2024 Phillips Award: Dr David Sands
For work in higher education, particularly degree accreditation and the development of the new Institute of Physics accreditation scheme.
Dr David Sands has worked nationally and internationally over the last 20 years to support physics and physics educators in higher education. As the Institute of Physics (IOP)-nominated representative, he served two terms on the International Union of Pure and Applied Physics (IUPAP)’s Commission 14 (physics education) from 2014 to 2021, and as chair of the Physics Education Division of the European Physical Society, he actively collaborated with the IOP Higher Education Group to arrange joint meetings on topics of interest.
Within the IOP, he has worked extensively to promote physics education and in particular physics education research as a discipline. He served on the Education Board (which later became the Education Committee) from 2007 to 2016 and on the Higher Education Advisory Group from its inception to its dissolution following an IOP restructure. For several years, he was a member of the Committee of the Higher Education Group, helping organise meetings and events, and in particular helping to establish the annual Physics Higher Education Conference (PHEC) as an IOP-supported conference. He also served as chair of the Higher Education Group from 2014 to 2017.
His most significant contribution to the IOP’s work in education has been in degree accreditation. As an IOP accreditation assessor from 2005 to the present date, he is one of the most experienced of current assessors and has made around 40 visits to different institutions, chairing well over half of those visits. He was appointed to the Degree Accreditation Committee in 2006, becoming chair in 2013 until 2019. As chair, he led a group that reviewed the accreditation criteria over the period 2017 to 2020. Degree accreditation is reviewed periodically, but this review was radical, changing the entire scheme to focus on the abilities of a graduate rather than the content of a degree. The graduate outcomes very much reflect his deep familiarity with physics education research and the development of physics skills and competences.

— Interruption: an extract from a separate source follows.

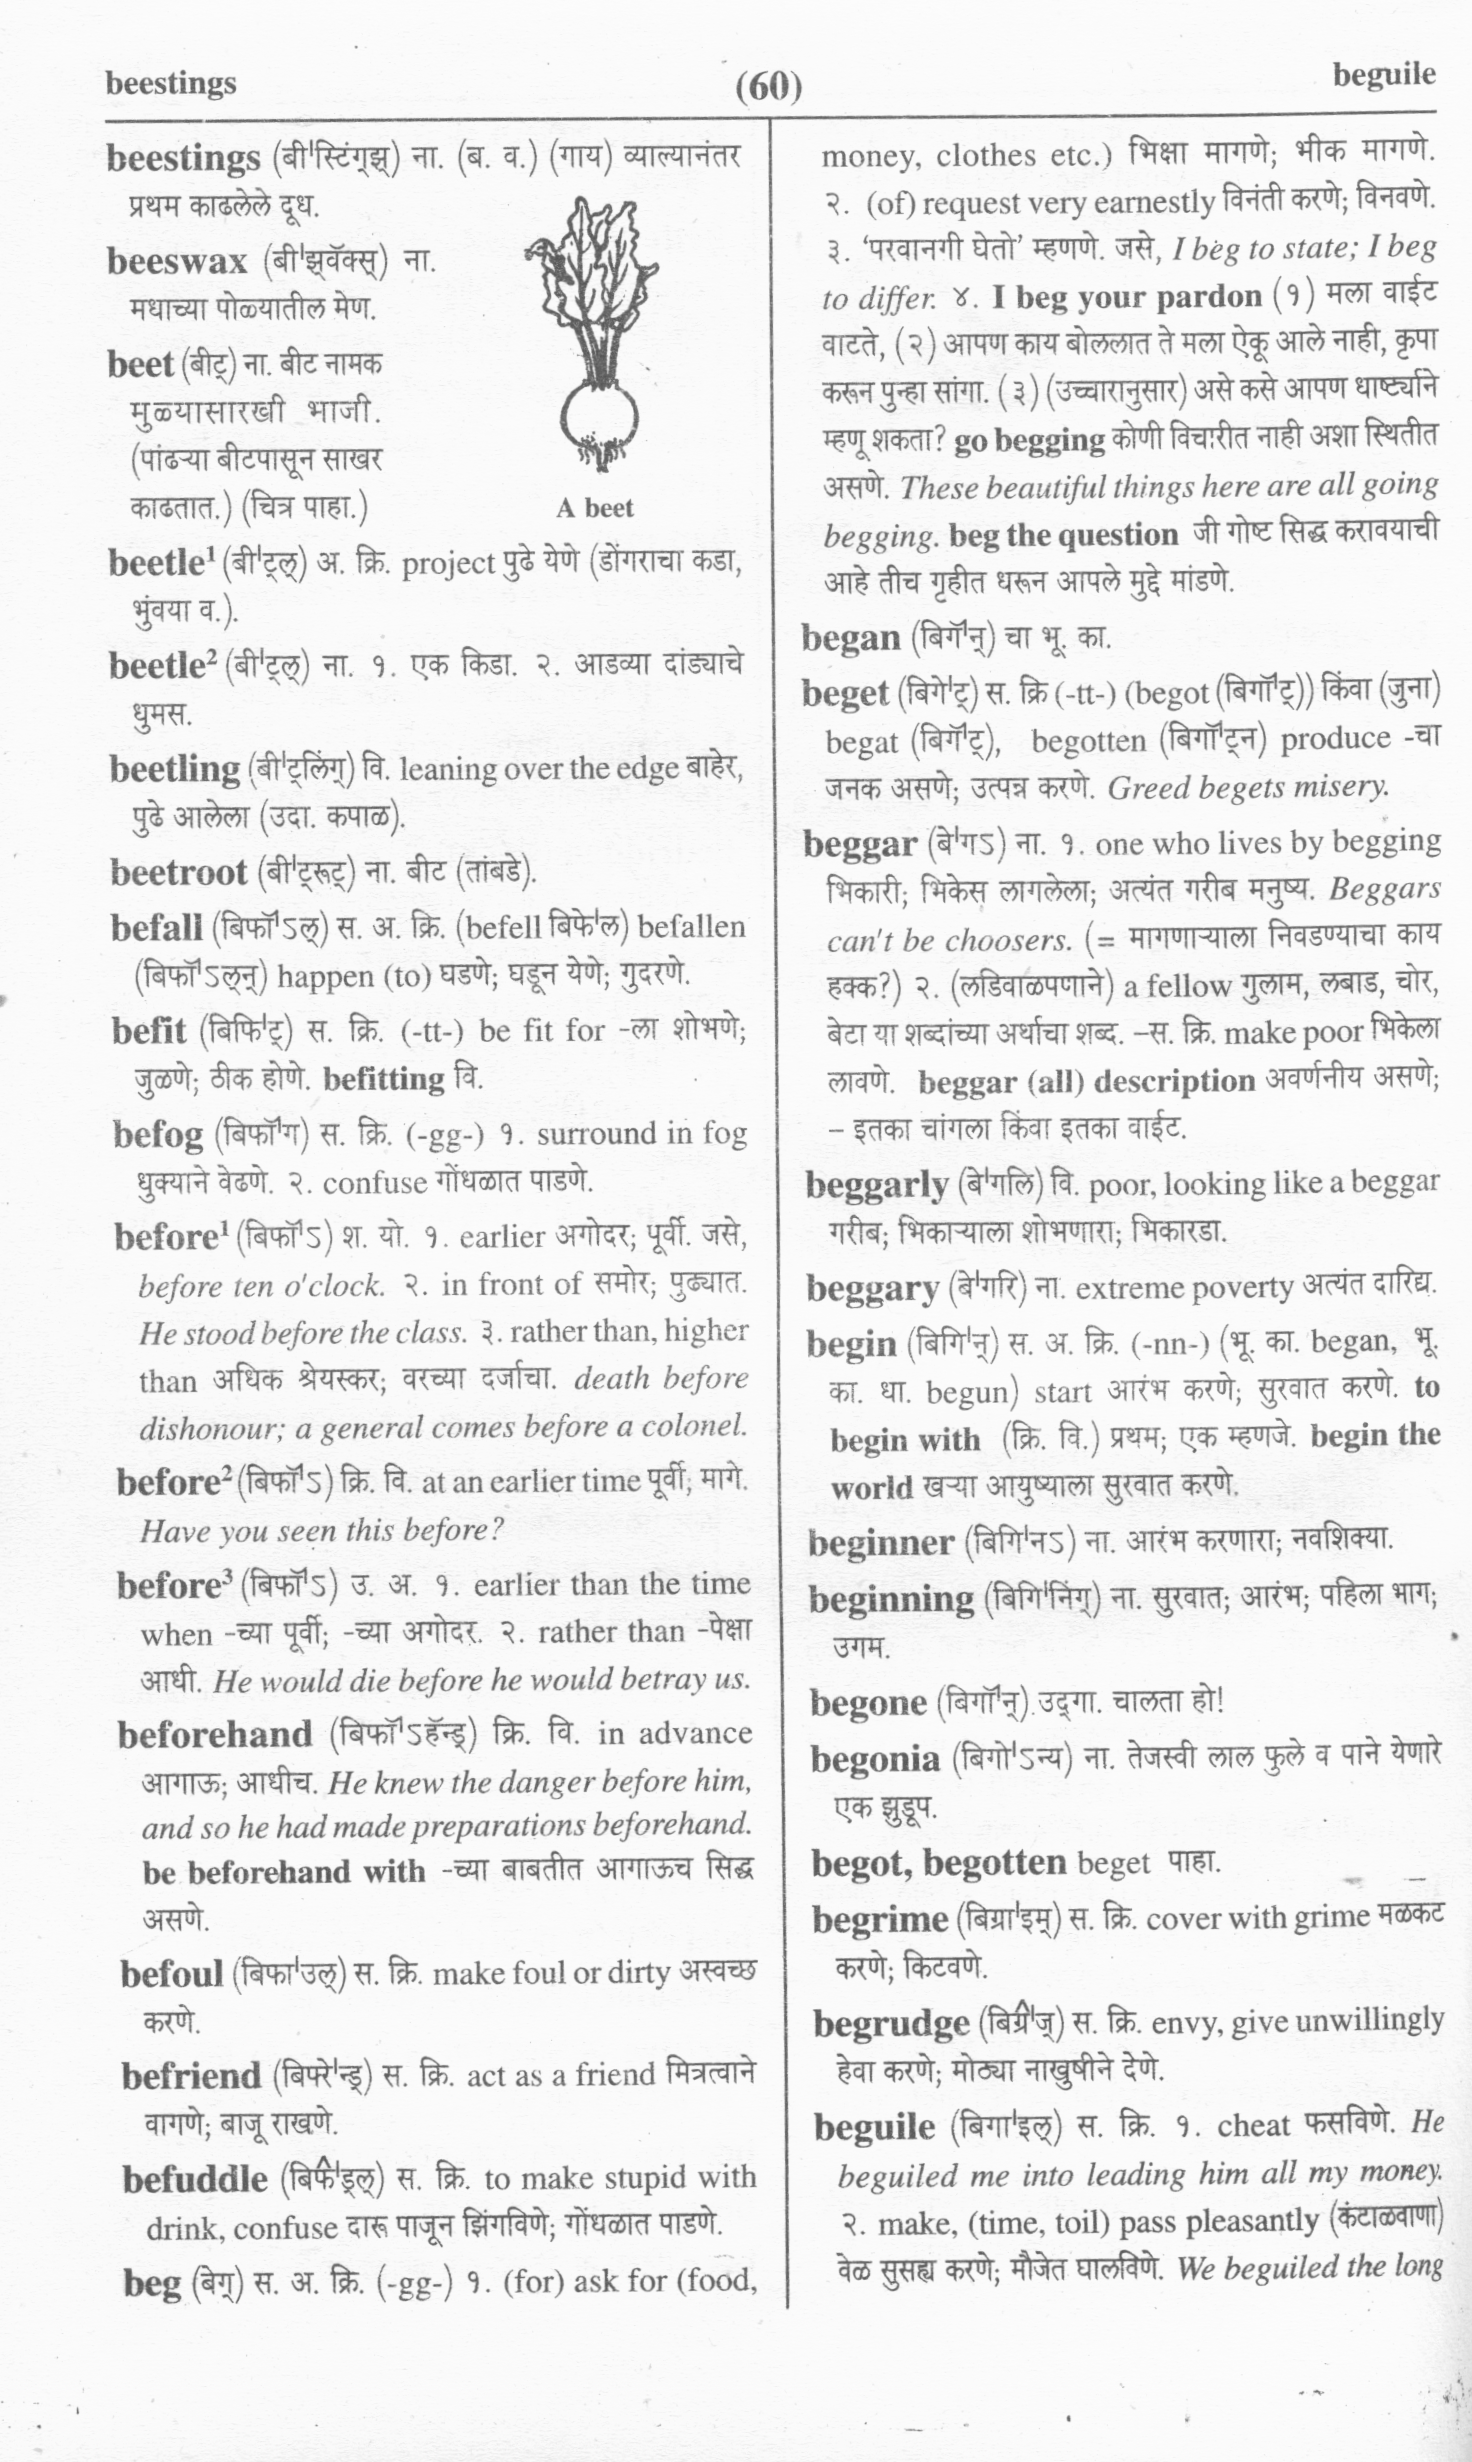 Marathi-English and English-Marathi Dictionary

The outbreak of the global COVID-19 pandemic in late 2019 delayed the implementation of the new scheme to this current academic year. Nevertheless, the scheme has changed the way that many departments are approaching degree accreditation and allowed them the freedom to develop physics programmes in more exciting ways. It is possible to say now that the changes have been successful and that the new scheme represents not only a significant contribution to physics education nationally, but also a significant contribution to the IOP’s commitment to standards in physics education as set out in the IOP’s Royal Charter.